Ab urbe condita
Titus Livius (Livy)
Livy. History of Rome, Volumes 1-2. Roberts, Canon, Rev, translator. London, New York: J. M. Dent and Sons; E. P. Dutton and Co., 1912.
They were universally thanked, and the senate made a decree that the Dictator should ask the people to elect two aediles from amongst the patricians, and that the senate should confirm all the elections of that year.
This year will be noteworthy for the first consulship held by a plebeian, and also for two new magistracies, the praetorship, and the curule aedileship. These offices the patricians created in their own interest as an equivalent for their concession of one consulship to the plebs, who bestowed it on L. Sextius, the man who had secured it for them.

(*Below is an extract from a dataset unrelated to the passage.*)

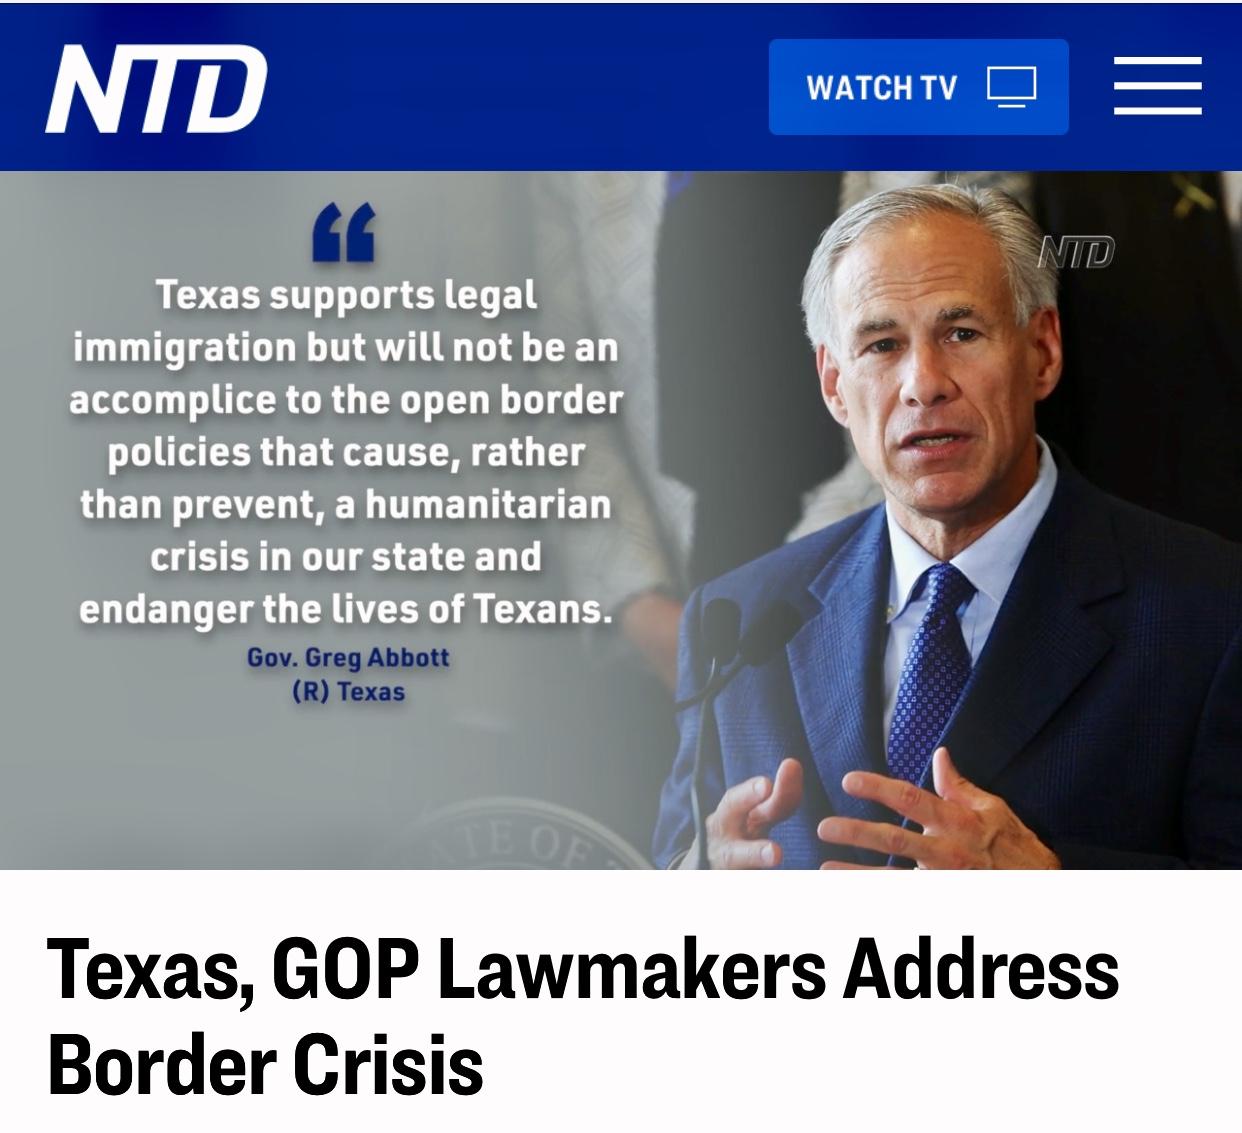 Texas, GOP Lawmakers Address Border Crisis Video

The patricians secured the praetorship for Sp. Furius, the son of old Camillus, and the two aedileships for Gnaeus Quinctius Capitolinus and P. Cornelius Scipio, members of their own order. L. Aemilius Mamercus was elected from the patricians as colleague to L. Sextius.
The main themes of discussion at the beginning of the year were the Gauls, about whom it was rumoured that after wandering by various routes through Apulia they had reunited their forces, and the Hernici, who were reported to have revolted.
All preparations were deferred with the sole purpose of preventing any action from being taken by the plebeian consul; everything was quiet and silent in the City, as though a suspension of all business had been proclaimed, with the one exception of the tribunes of the plebs.
They did not silently submit to the procedure of the nobility in appropriating to themselves three patrician magistrates, sitting in curule chairs and clothed in the praetexta like consuls, as a set-off against one plebeian consul —
the praetor even administering justice, as though he were a colleague of the consuls and elected under the same auspices.